Program to Find Out the Maximum Points From Removals in Python

In this problem, we need to find the maximum points from removing contiguous sublists of identical values. When we remove a sublist of length t with the same value, we get t * t points. The key insight is that we can strategically remove elements to merge identical values and maximize our score.

Problem Explanation

Given a list like [4, 4, 6, 4, 4], we can:

• First remove the single 6 ? get 1 * 1 = 1 point
• Then remove all four 4s together ? get 4 * 4 = 16 points
• Total: 1 + 16 = 17 points

Dynamic Programming Approach

We use a recursive function dp(left, right, t) where:

• left, right: boundaries of the current subarray
• t: number of identical elements we can merge with the leftmost element

class Solution:
    def solve(self, nums):
        def dp(left, right, t):
            if left > right:
                return 0
            
            # Find all consecutive identical elements from left
            num = nums[left]
            left2 = left
            while left2 < right and nums[left2 + 1] == num:
                left2 += 1
            
            # Add the count of identical elements
            t += left2 - left + 1
            left = left2 + 1
            
            # Option 1: Remove all identical elements now
            points = t ** 2 + dp(left, right, 0)
            
            # Option 2: Try to merge with future identical elements
            for mid in range(left, right + 1):
                if nums[mid] == num:
                    points = max(points, dp(left, mid - 1, 0) + dp(mid, right, t))
            
            return points
        
        return dp(0, len(nums) - 1, 0)

# Test the solution
solution = Solution()
nums = [4, 4, 6, 4, 4]
result = solution.solve(nums)
print(f"Maximum points for {nums}: {result}")

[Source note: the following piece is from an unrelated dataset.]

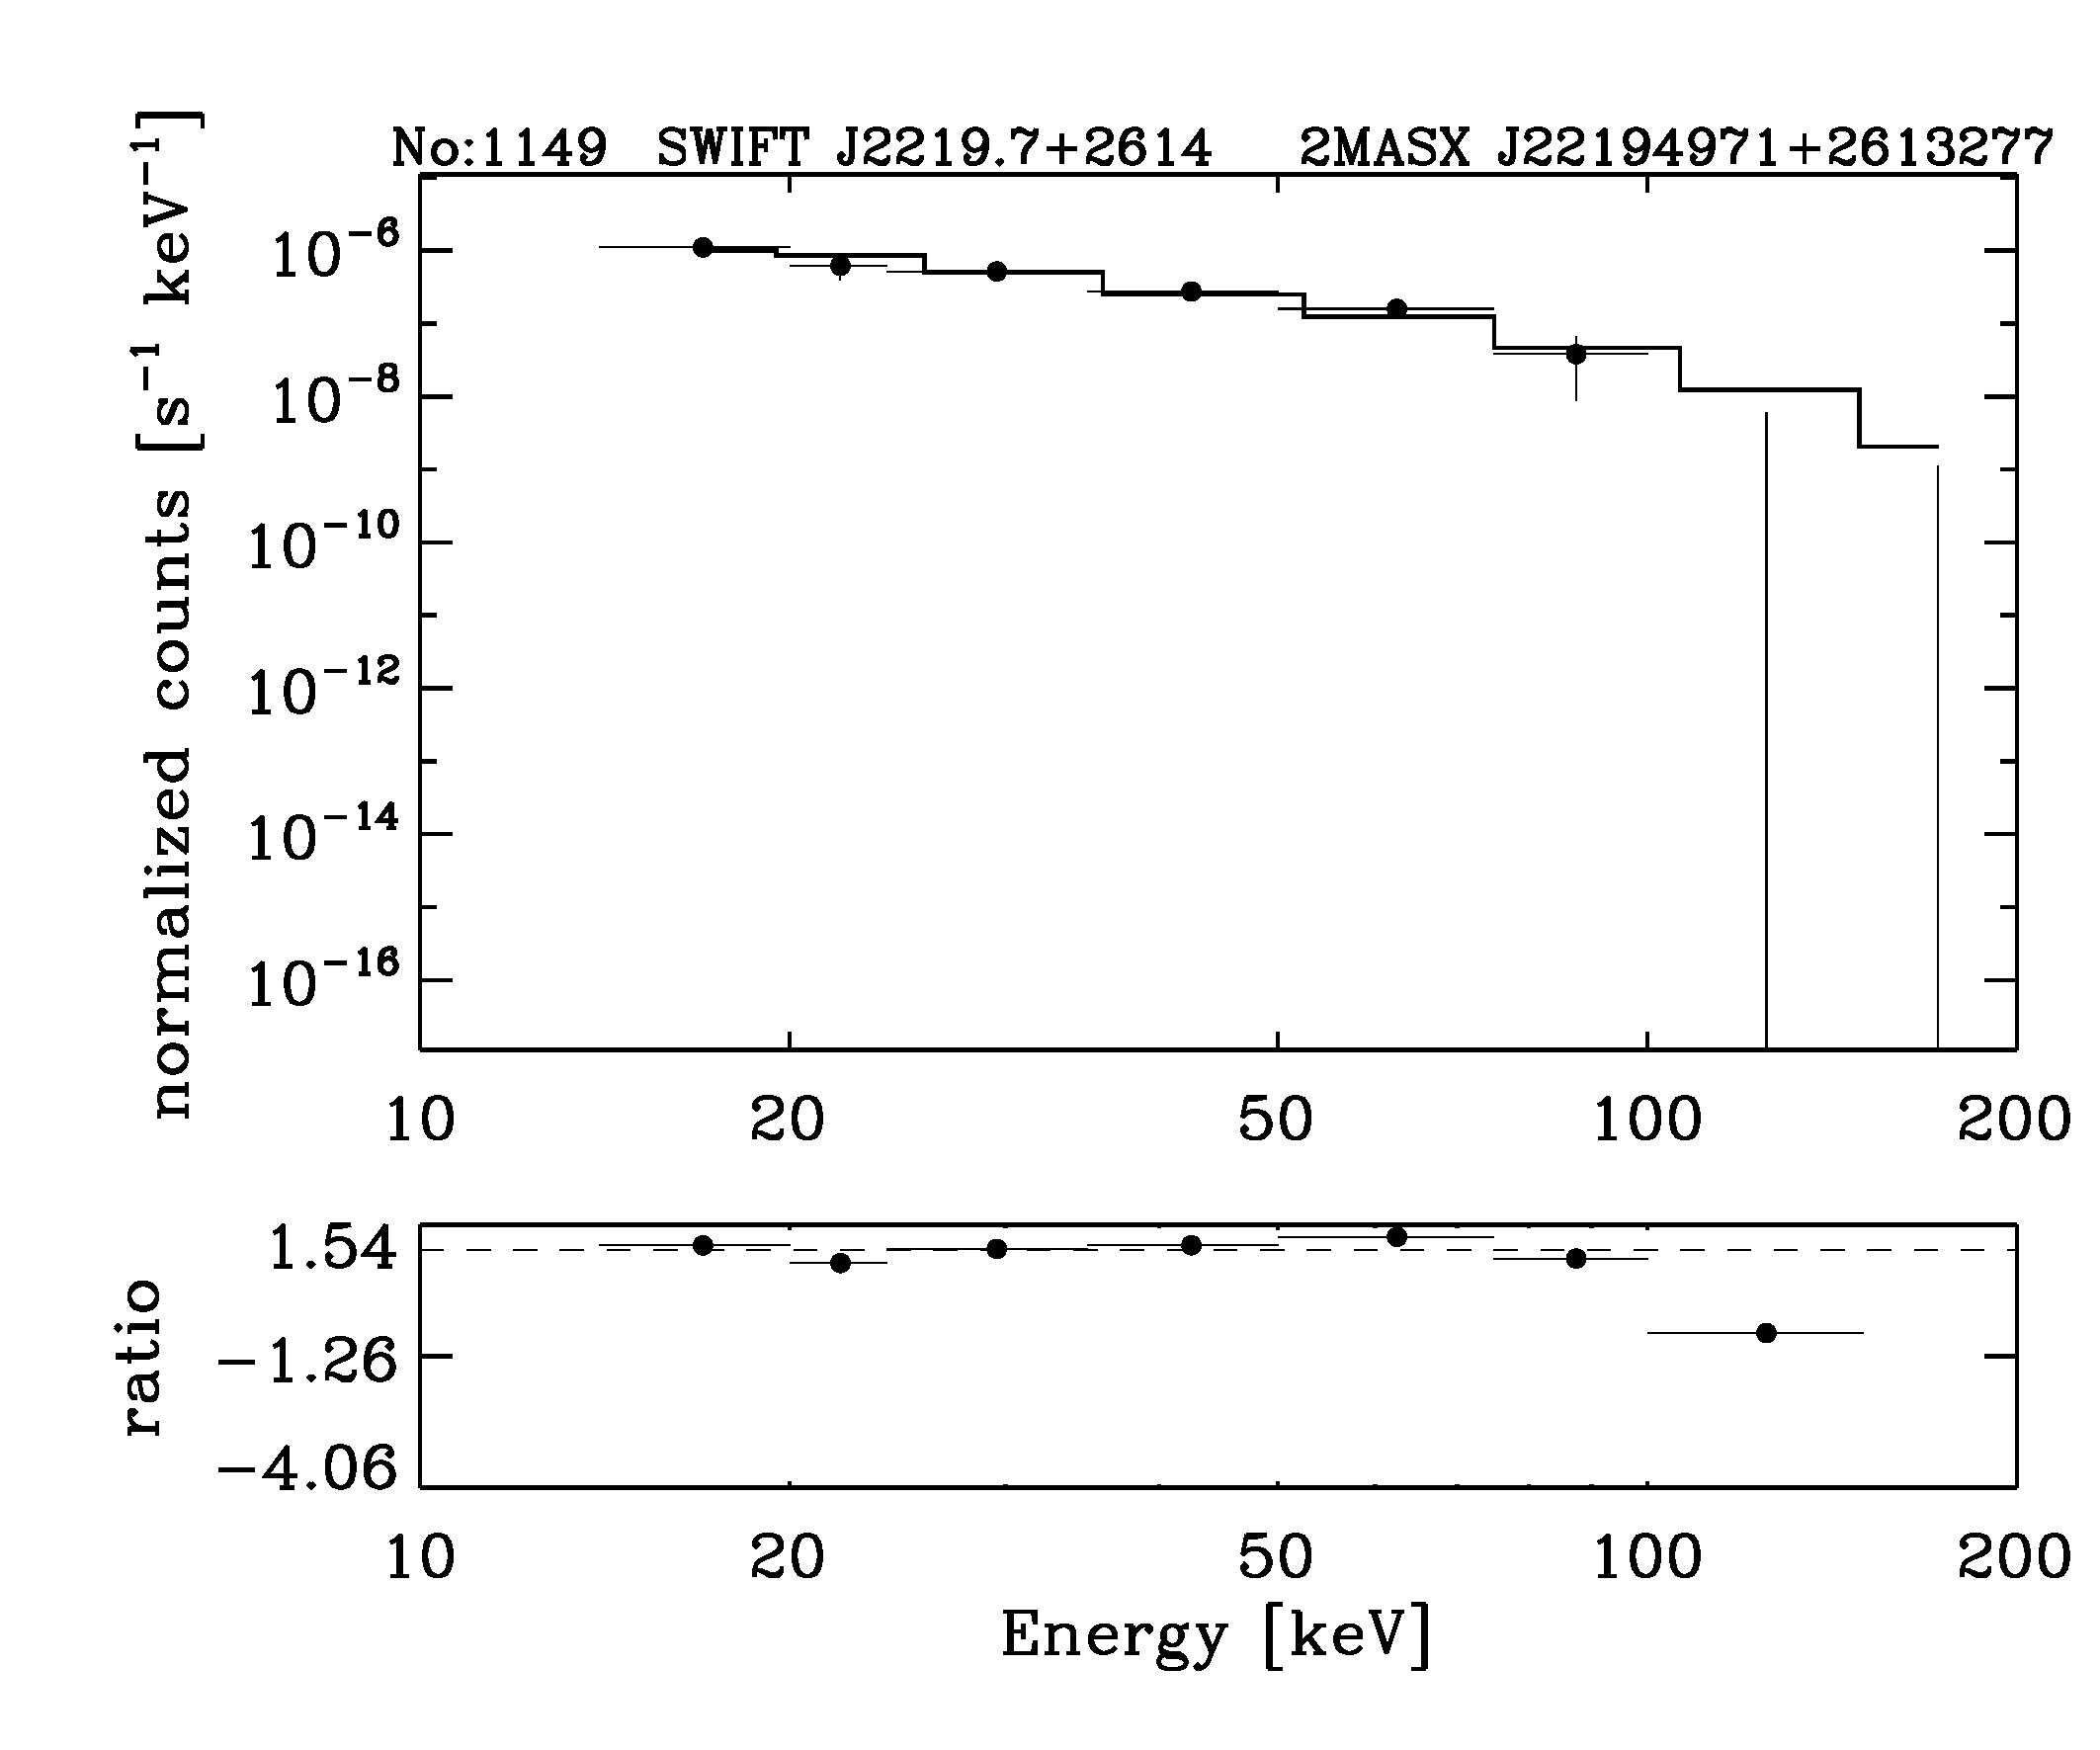 BAT Spectrum for SWIFT J2219.7+2614

Maximum points for [4, 4, 6, 4, 4]: 17

How It Works

The algorithm considers two strategies at each step:

1. Immediate removal: Remove all consecutive identical elements from the left and continue with the rest
2. Delayed removal: Skip some elements to merge with identical values later, potentially getting more points

Example Walkthrough

# Let's trace through [4, 4, 6, 4, 4]
solution = Solution()

# Test with different examples
test_cases = [
    [4, 4, 6, 4, 4],
    [1, 3, 2, 2, 2, 3, 4, 3, 1],
    [1, 1, 1]
]

for nums in test_cases:
    result = solution.solve(nums)
    print(f"Input: {nums}")
    print(f"Maximum points: {result}")
    print()

Input: [4, 4, 6, 4, 4]
Maximum points: 17

Input: [1, 3, 2, 2, 2, 3, 4, 3, 1]
Maximum points: 23

Input: [1, 1, 1]
Maximum points: 9

Key Points

• The algorithm uses dynamic programming with memoization for optimal substructure
• At each position, we decide whether to remove elements immediately or wait to merge with future identical elements
• Time complexity is O(n³) due to the nested loops and recursive calls
• The strategy maximizes points by creating larger groups of identical elements

Conclusion

This dynamic programming solution finds the maximum points by exploring both immediate removal and strategic merging of identical elements. The key insight is balancing immediate gains against potential future merges for higher scores.